# Task brief
Everything in the listing below except the pictures should be reproduced exactly.

# Recorded data
============================================================
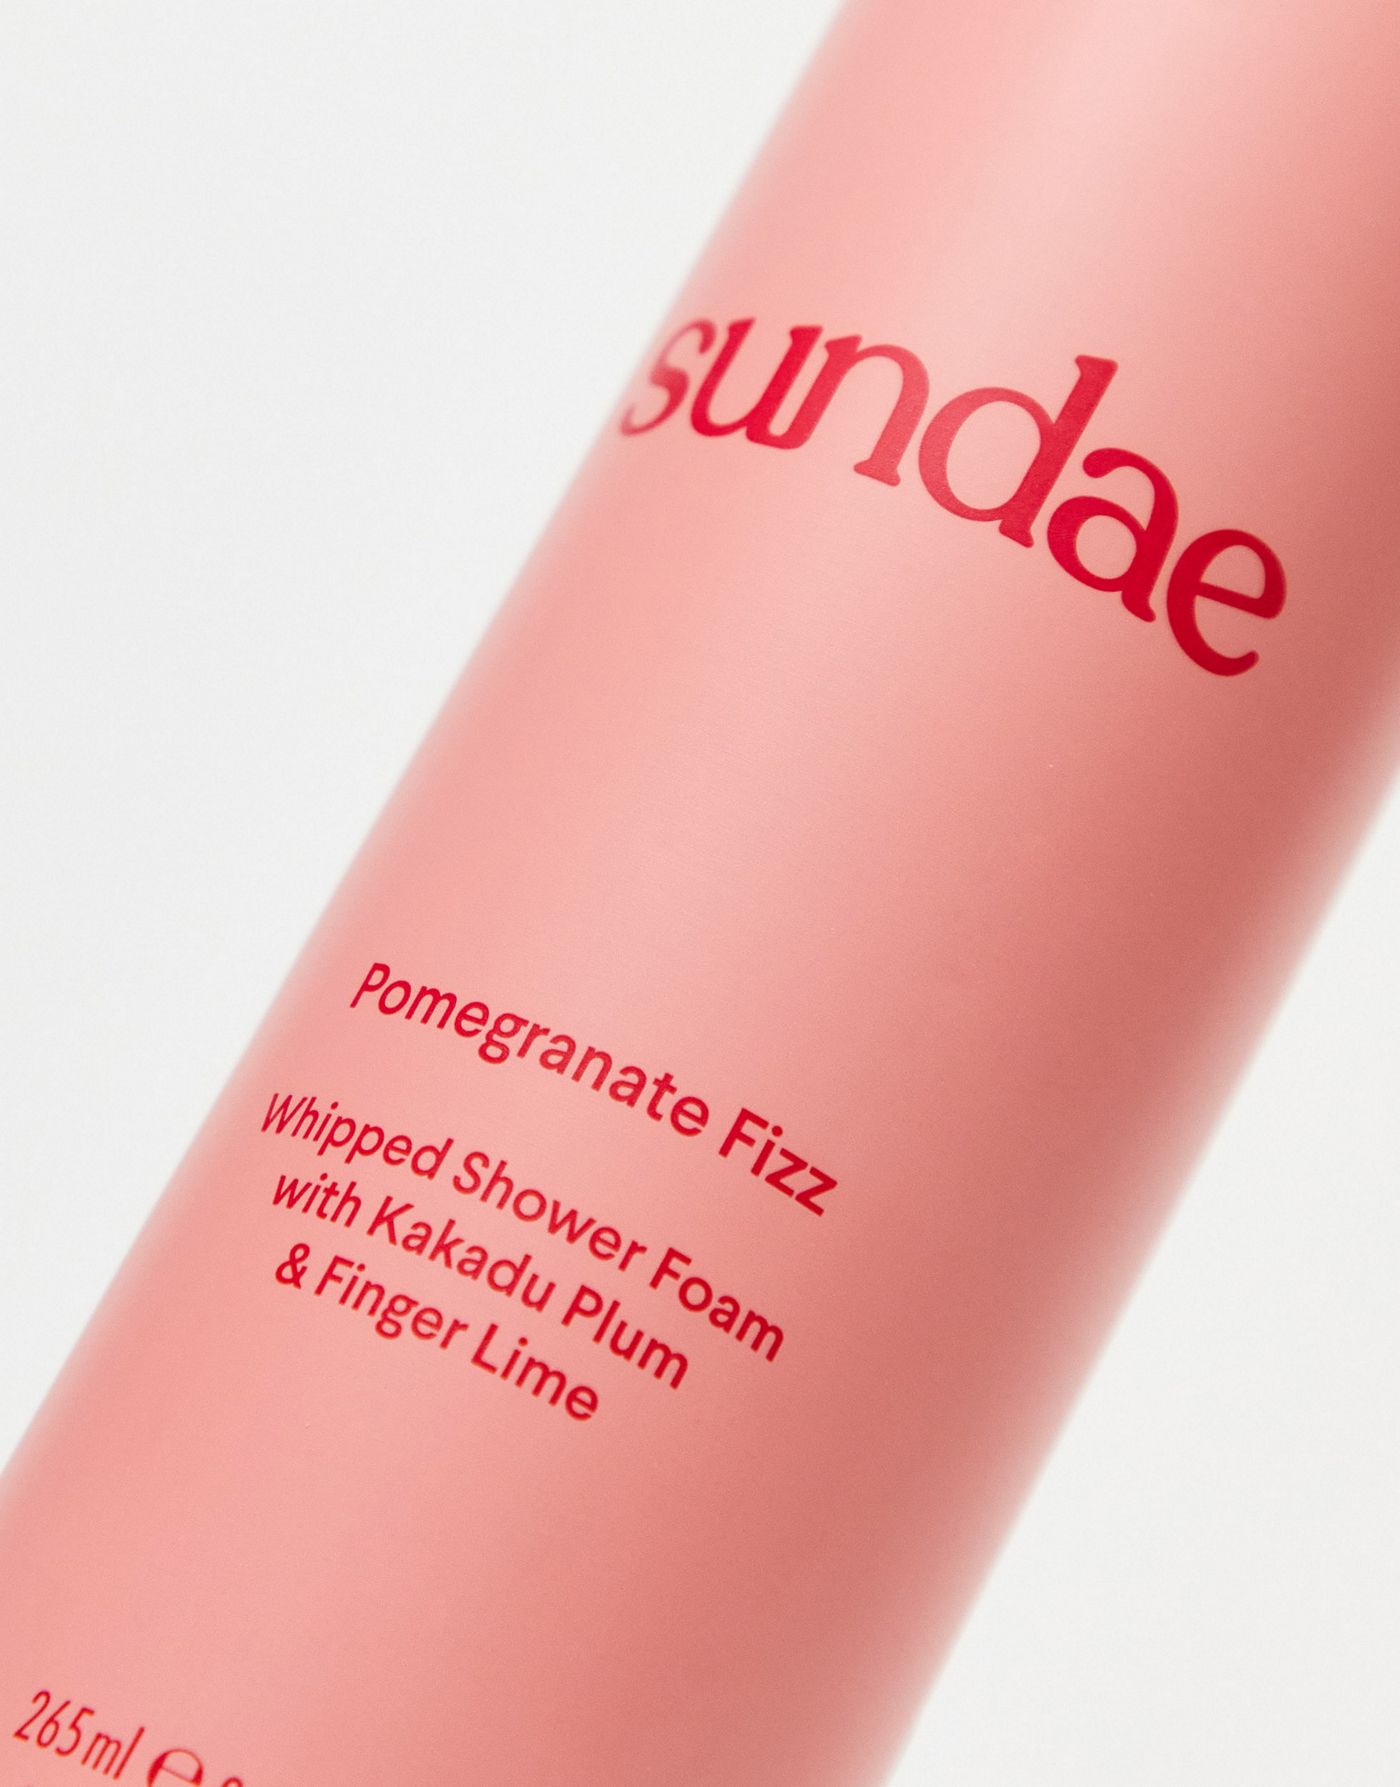 Sundae Body Whipped Shower Foam Pomegranate Fizz with Kadkadu Plum & Finger Lime
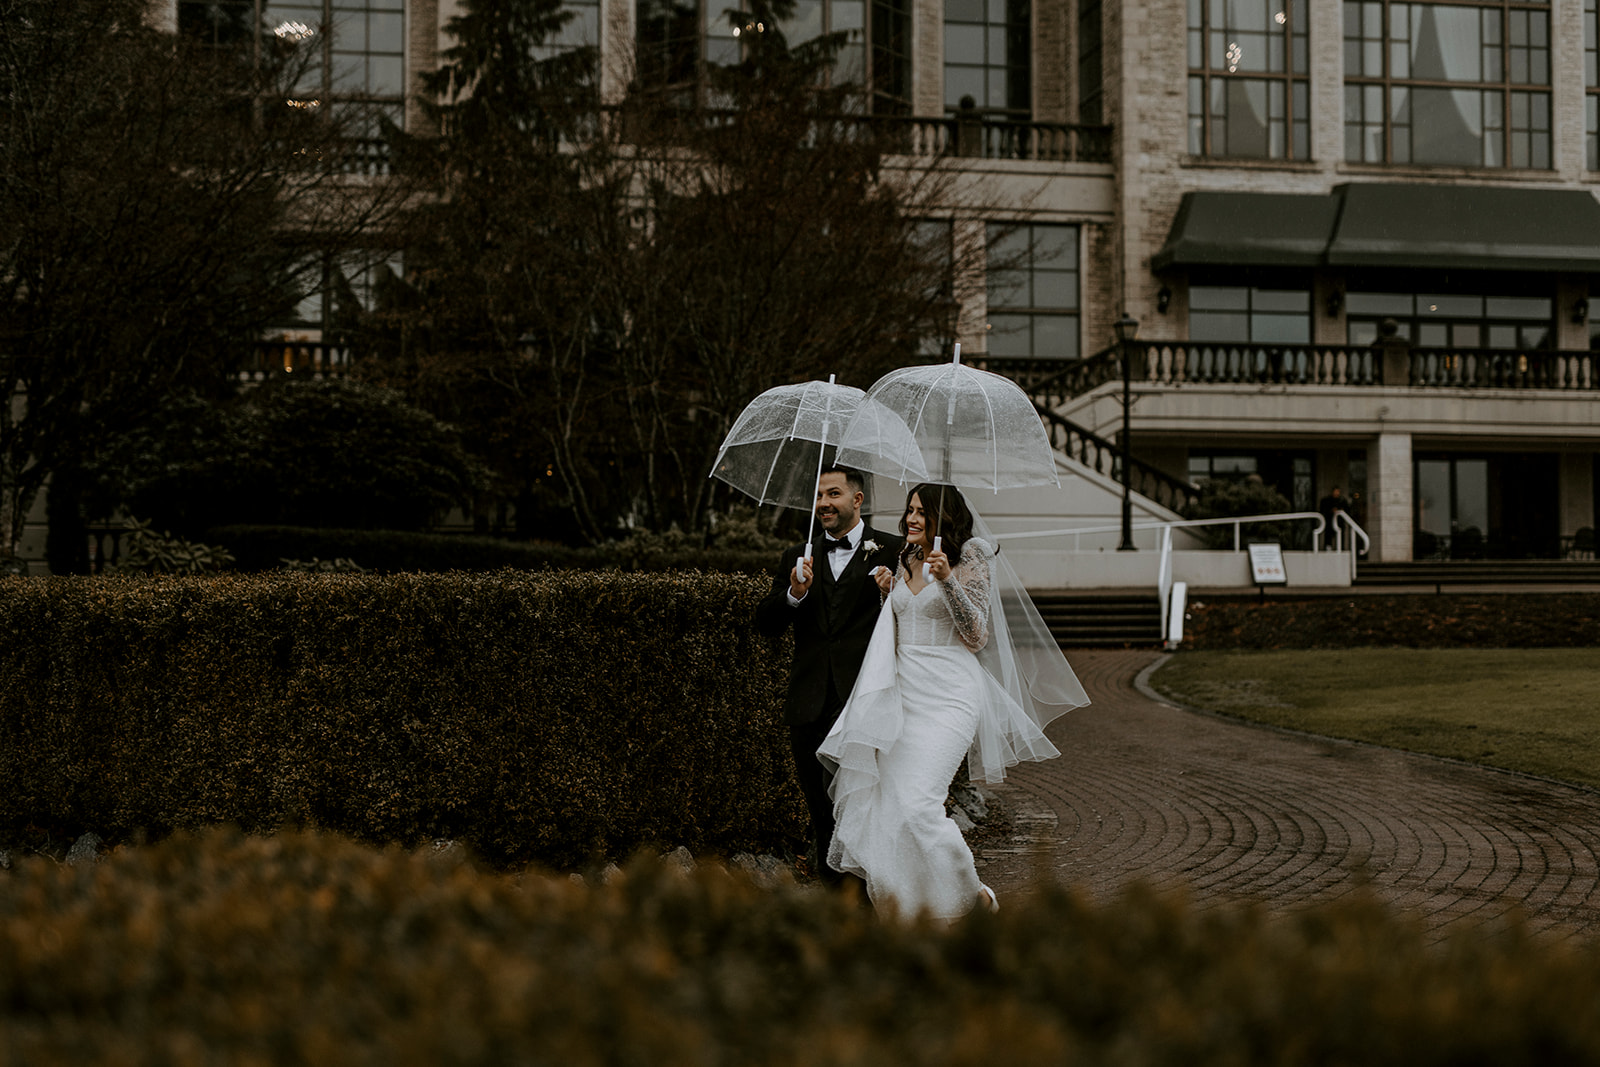 Rainy Wedding at Swaneset Golf in Pitt Meadows
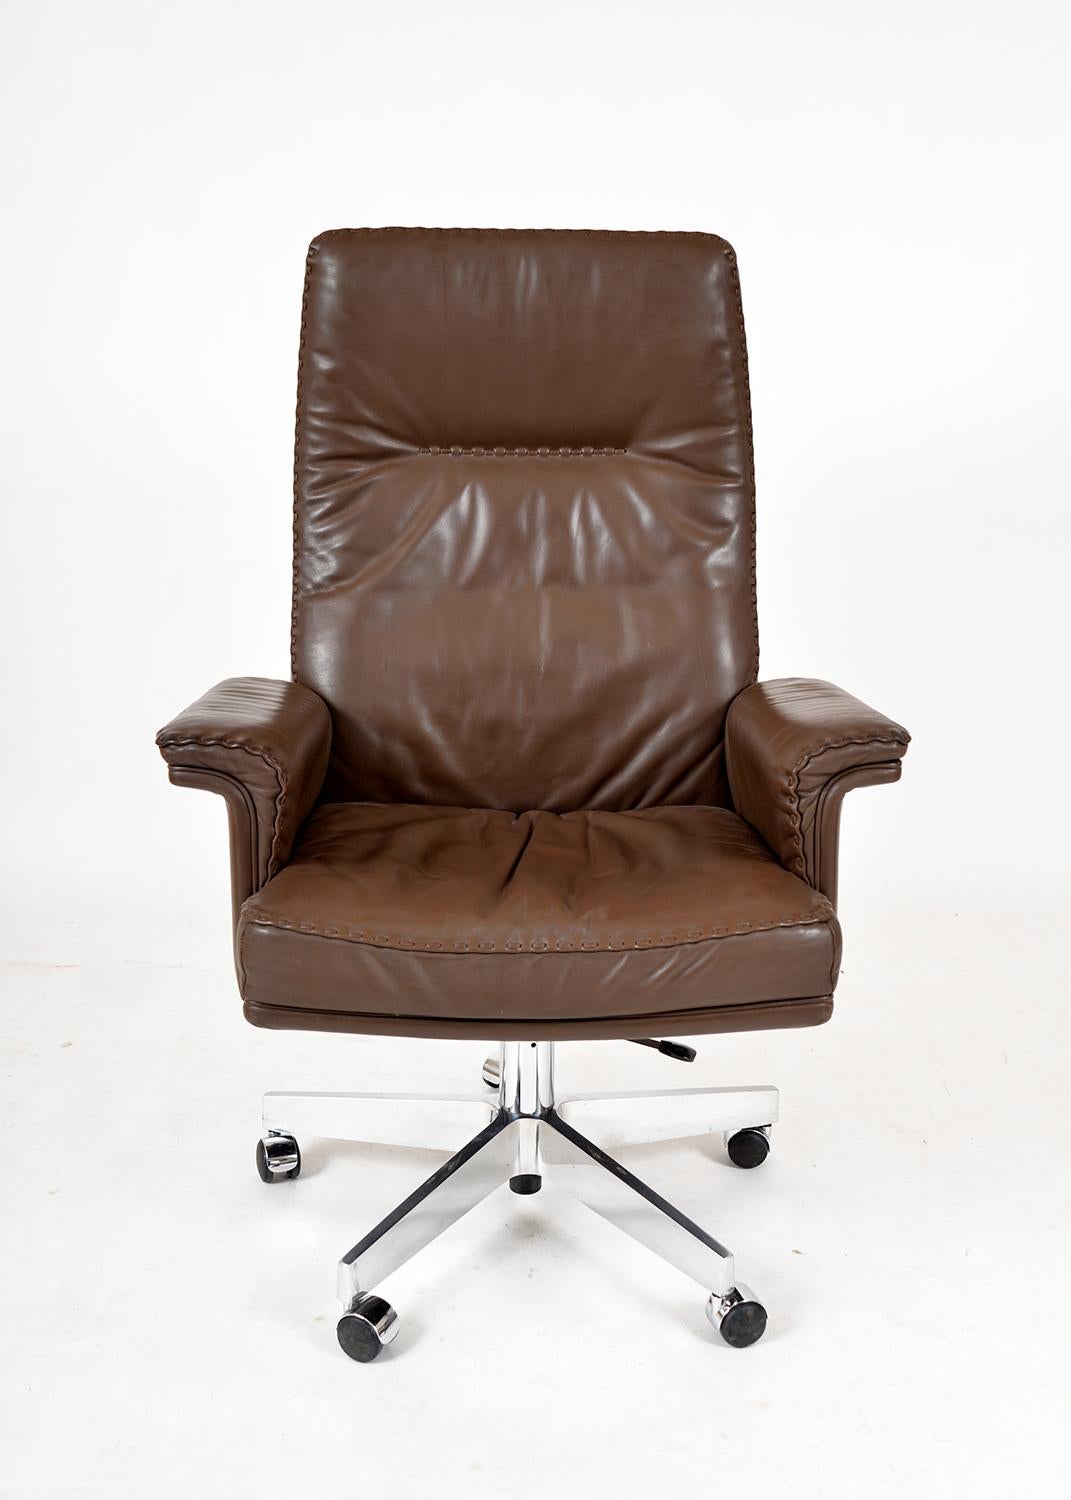 Late 20th Century 1970s Swiss De Sede Ds 35 Executive Swivel Leather Office Chair Armchair Castors
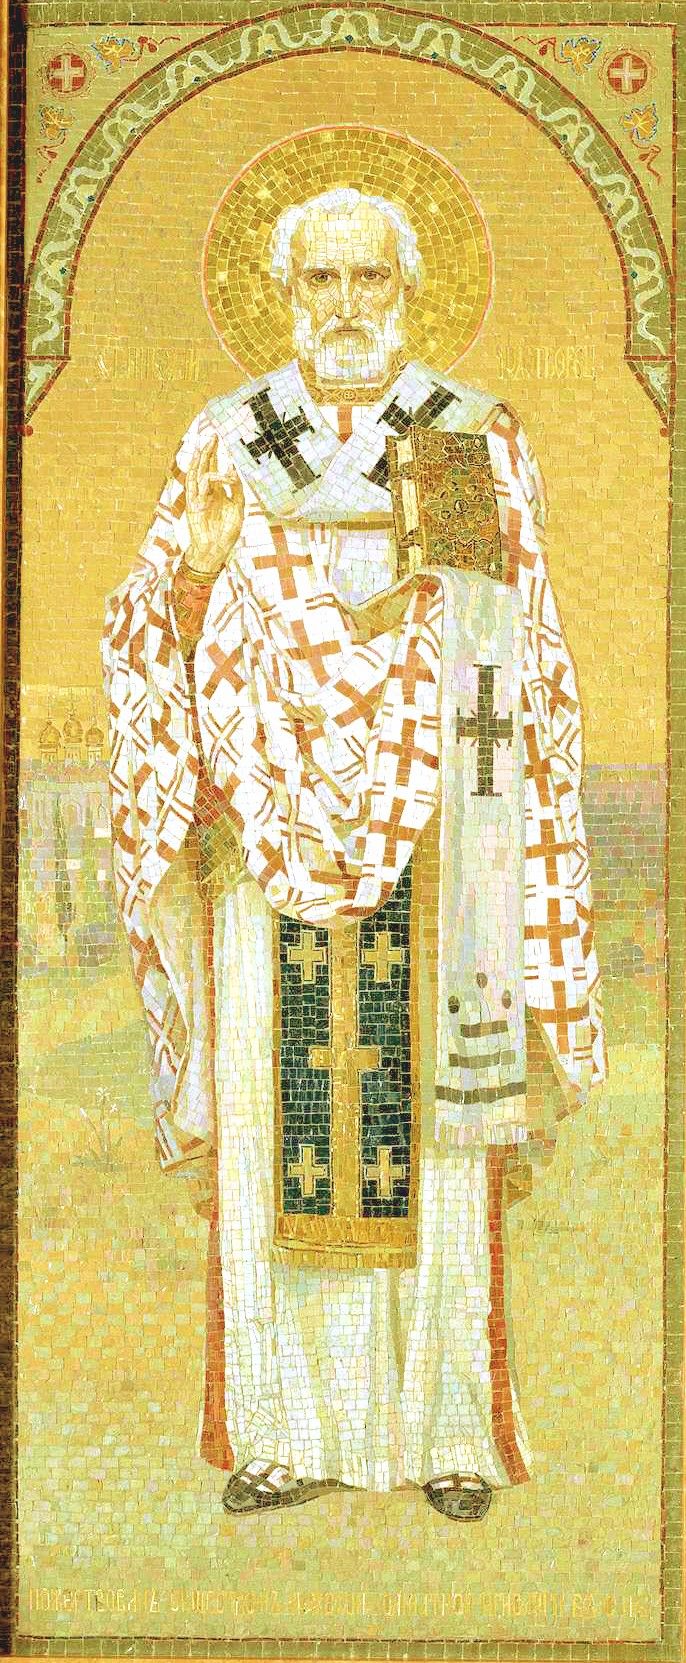 N. K. Bodarevsky, mosaics of the Spas na Krovi, St Petersburg, Russia, 1890s?
============================================================
# Completed task
 Sundae Body Whipped Shower Foam Pomegranate Fizz with Kadkadu Plum & Finger Lime
 Rainy Wedding at Swaneset Golf in Pitt Meadows
 Late 20th Century 1970s Swiss De Sede Ds 35 Executive Swivel Leather Office Chair Armchair Castors
 N. K. Bodarevsky, mosaics of the Spas na Krovi, St Petersburg, Russia, 1890s?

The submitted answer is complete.